Well, I think that the "reserved keywords" are fine as tokens in a
lexer/parser, but think that the "unreserved keywords" should be dropped
of the token status if possible.

> and if we don't treat them as keywords then we will have a couple of
> problems. One is case-conversion issues in locales where the standard
> downcasing is not an extension of ASCII (Turkish is the only one I know
> of offhand).

Do you mean it should use an ASCII-only strcasecmp, not a possibly
"localised" version? I agree, but this is just a "proof of concept"
patch to show that you don't need so many tokens in the parser.

> Another is that depending on where you put the renaming that this patch
> removes without replacing :-(,

I do not understand your point. It seems to me that the renaming is
performed when a type name is expected? The "boolean" keyword (not token)
is translated to system "bool" type in the GenericType rule?? ???

> it would be possible for the renaming transformation to get applied to
> user-defined types with similar names, or for user-defined types to
> unexpectedly shadow system definitions.

I don't think that the patch changes the result of the parsing. It drops
*TOKENS* out of the lexer, but they are still *KEYWORDS*, although they
are not explicitly in the lexer list.

"keyword.c" deals with tokens, the file name was ill-chosen. If you think
that keywords can only be lexical tokens, then you end-up with an
automaton larger than necessary, IMVHO.

Note that the removed tokens are still "keywords" as they are treated
*especially* anyway. It is not a semantical transformation.

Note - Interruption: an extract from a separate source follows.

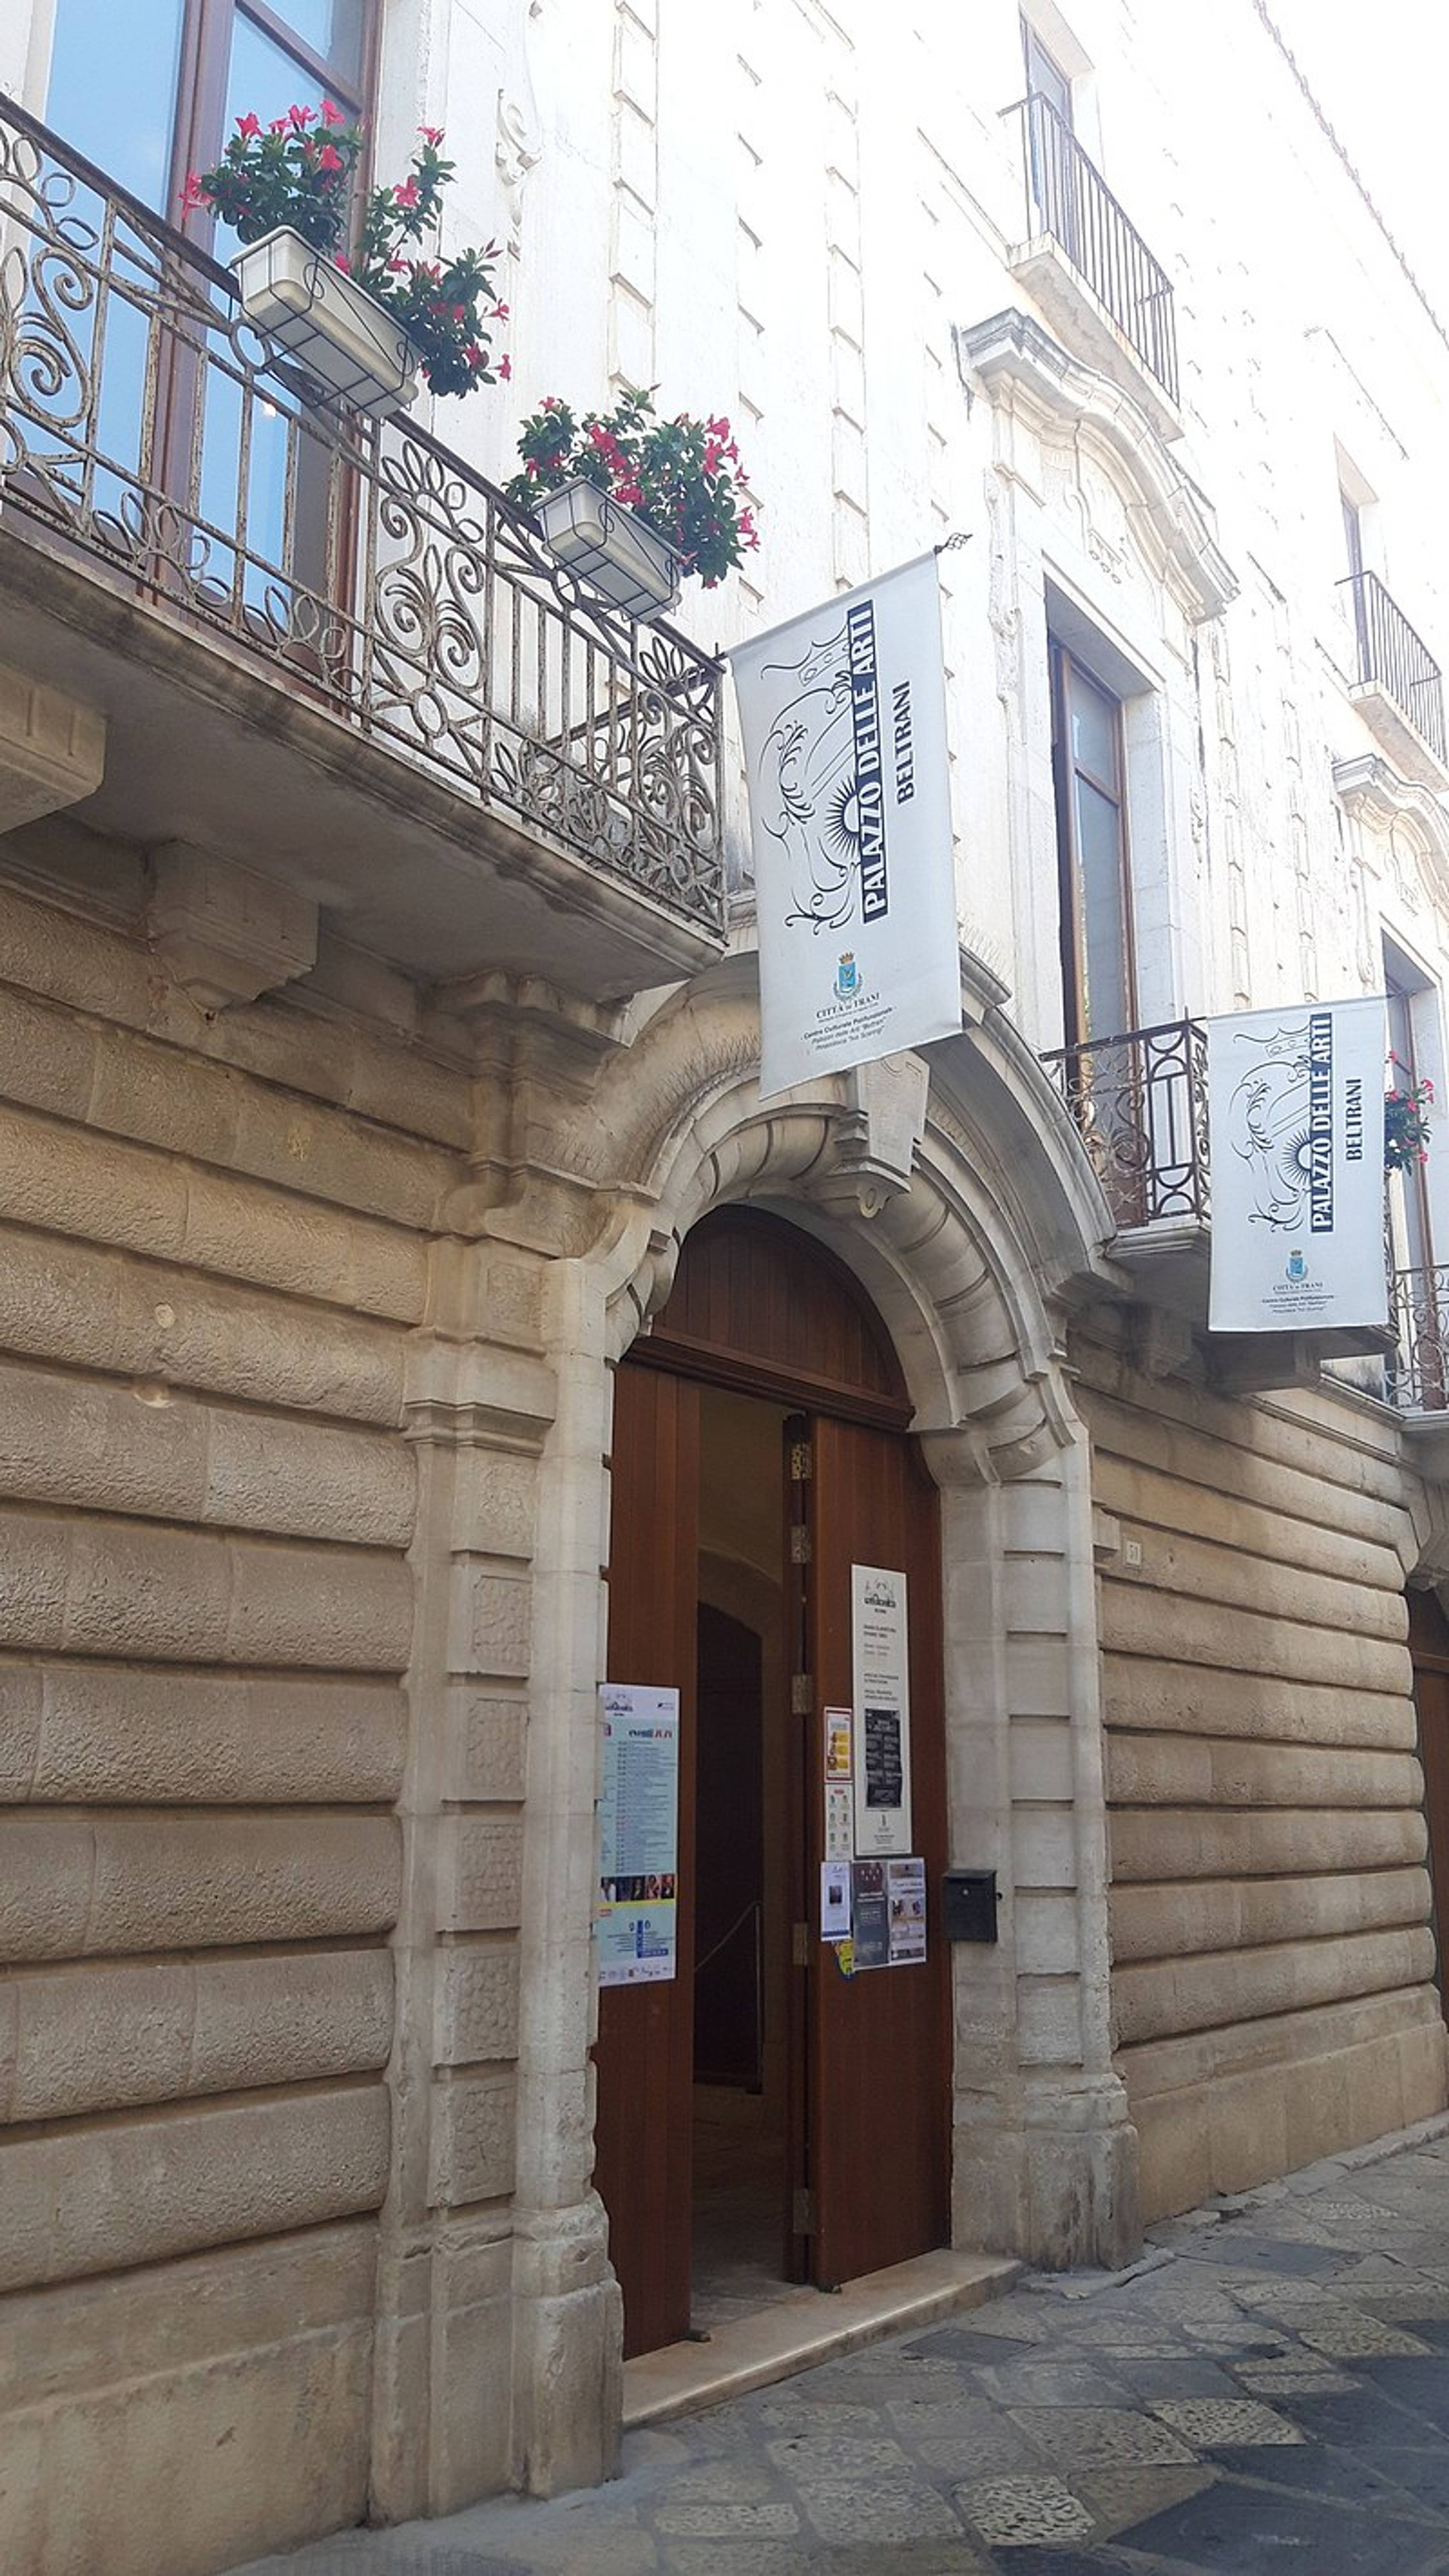 Palazzo delle Arti "Beltrani" - Pinacoteca "Ivo Scaringi"
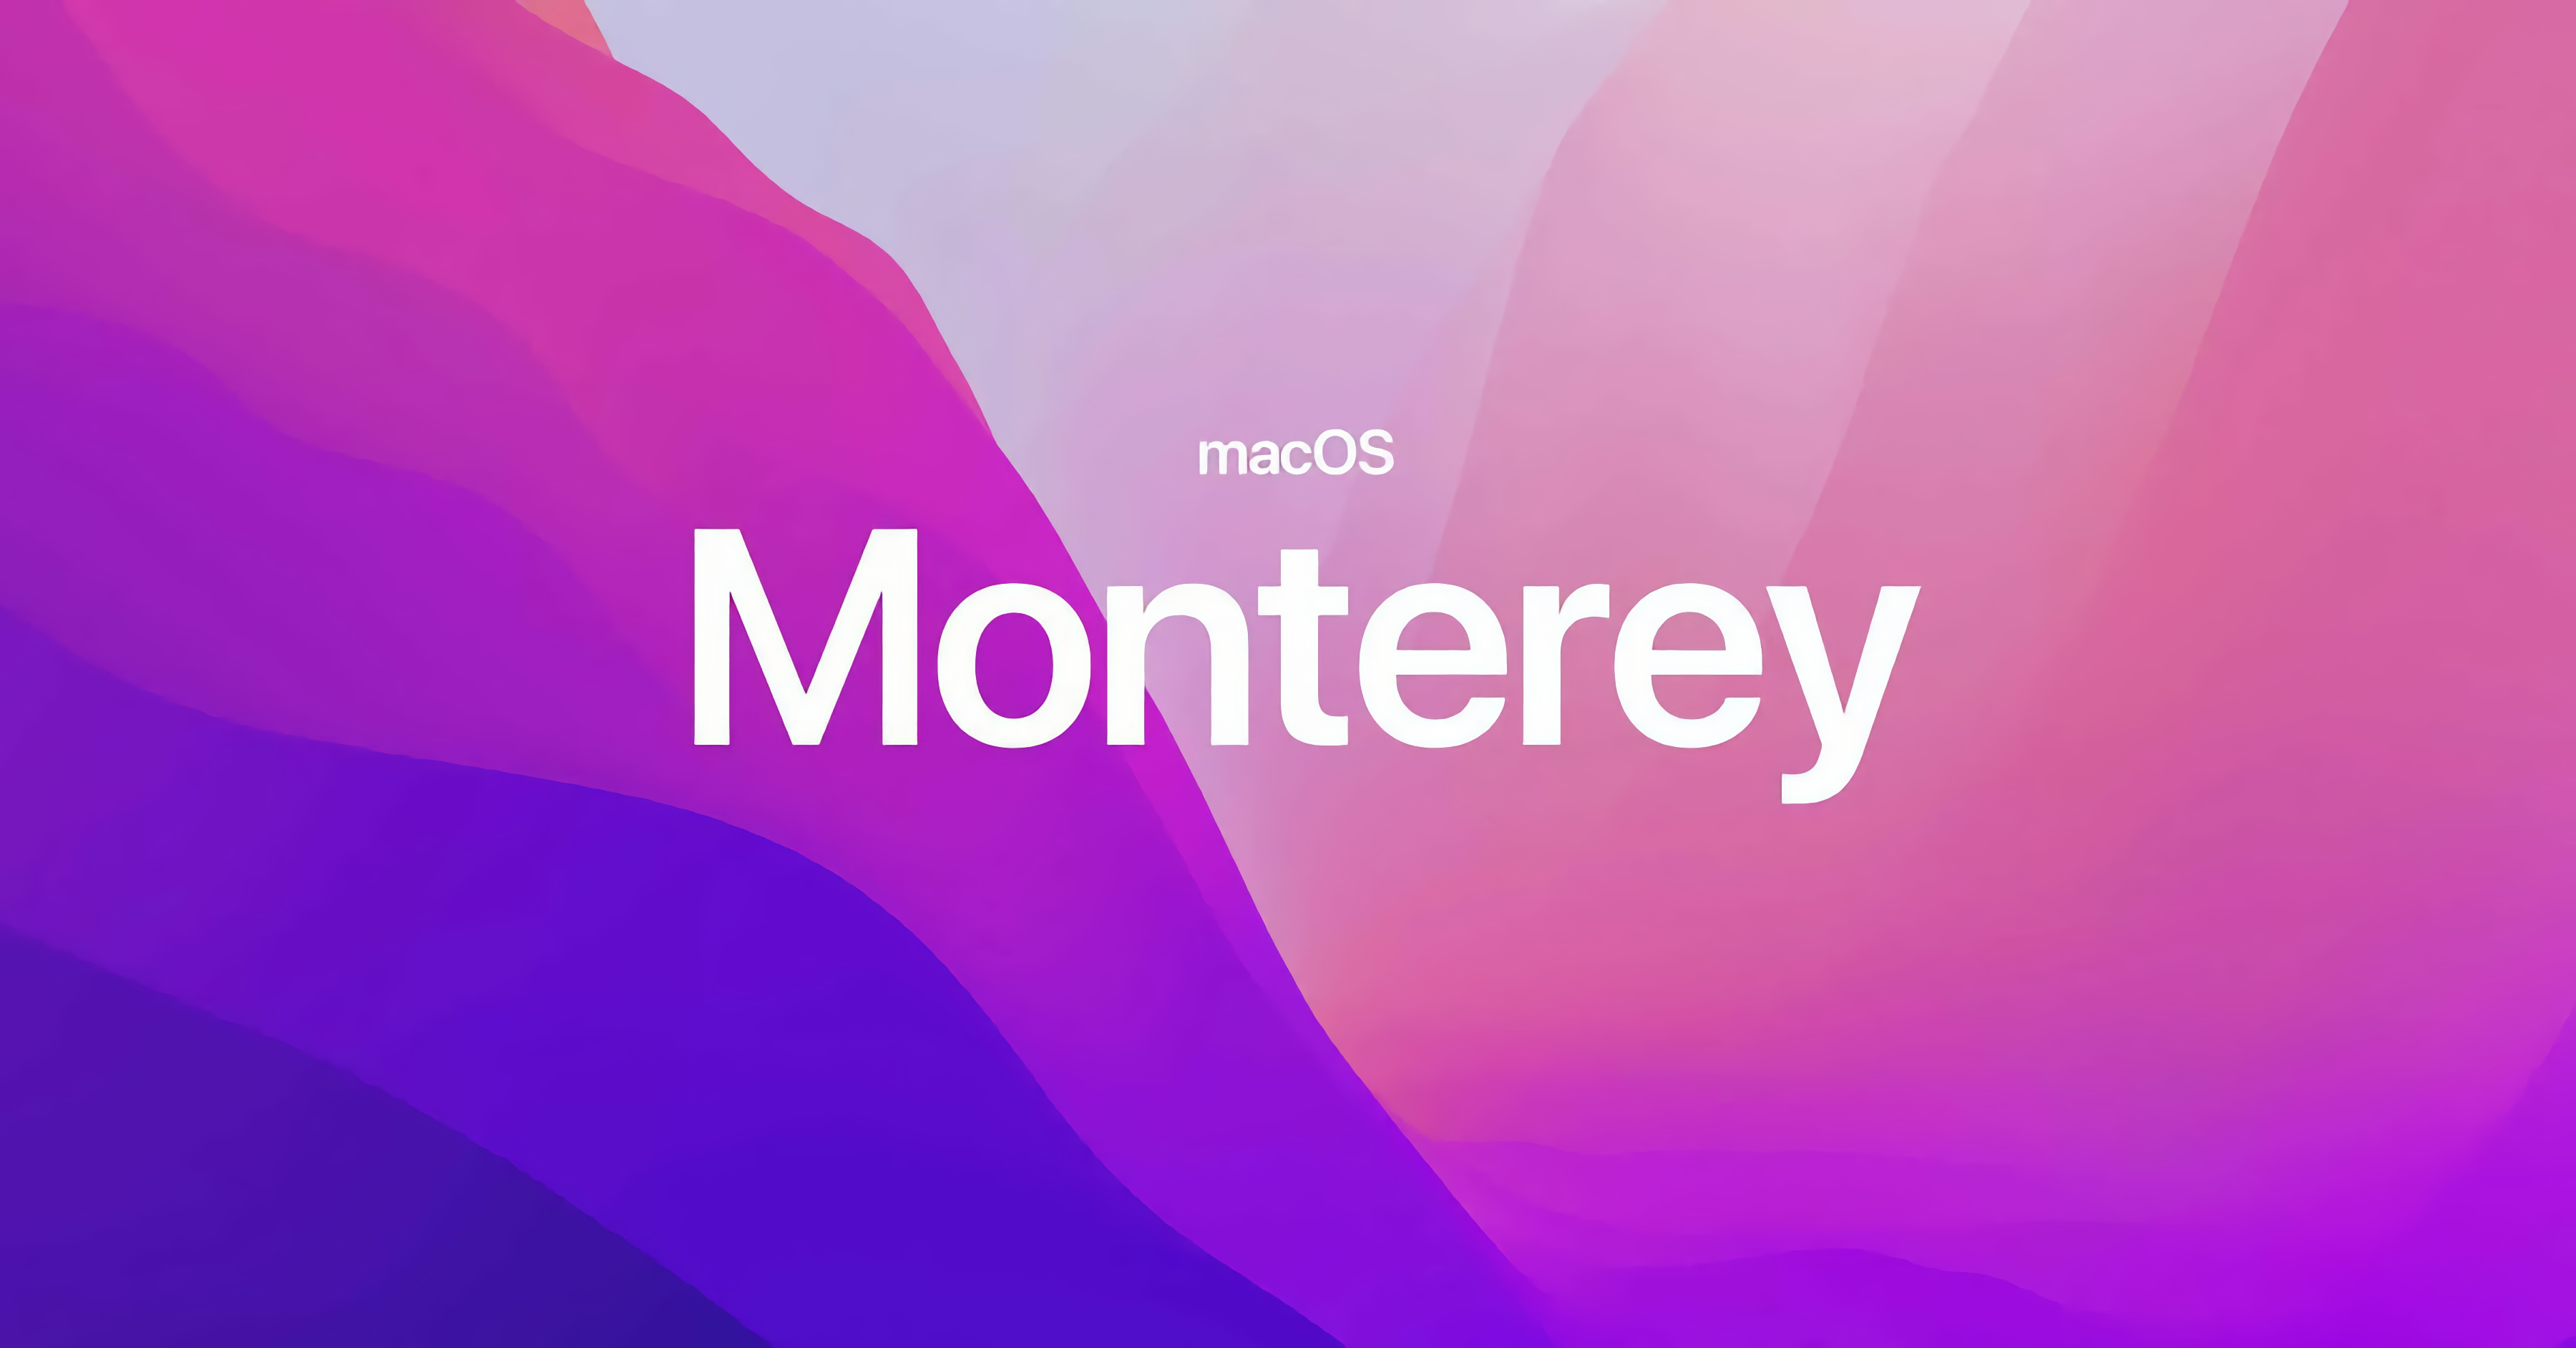 La version stable de macOS Monterey est sortie : AirPlay sur Mac, mise à jour de Safari, Live Text, prise en charge de Spatial Audio pour AirPods Pro et plus encore

Also, if you don't want these names as candidate function names, they
could be filtered out at some other point in the parser. They really don't
need to be special tokens.

My point is that you can have the very same *semantical* result with a
smaller automaton if you chose a different trade-off within the
lexer/parser/post filtering. I don't want to change the language.

> The former would be surprising and the latter would violate the spec.

I'm really not sure this is the case with the patch I sent.

> Check the archives; I'm sure this was discussed in the 7.3 development
> cycle and we concluded that treating these names as keywords was the
> only practical solution.

Hmmm... I can check the archive, but I cannot see how different the
language is with the patch. Maybe there is a missing filter out, or
strcasecmp is not the right version, but no more.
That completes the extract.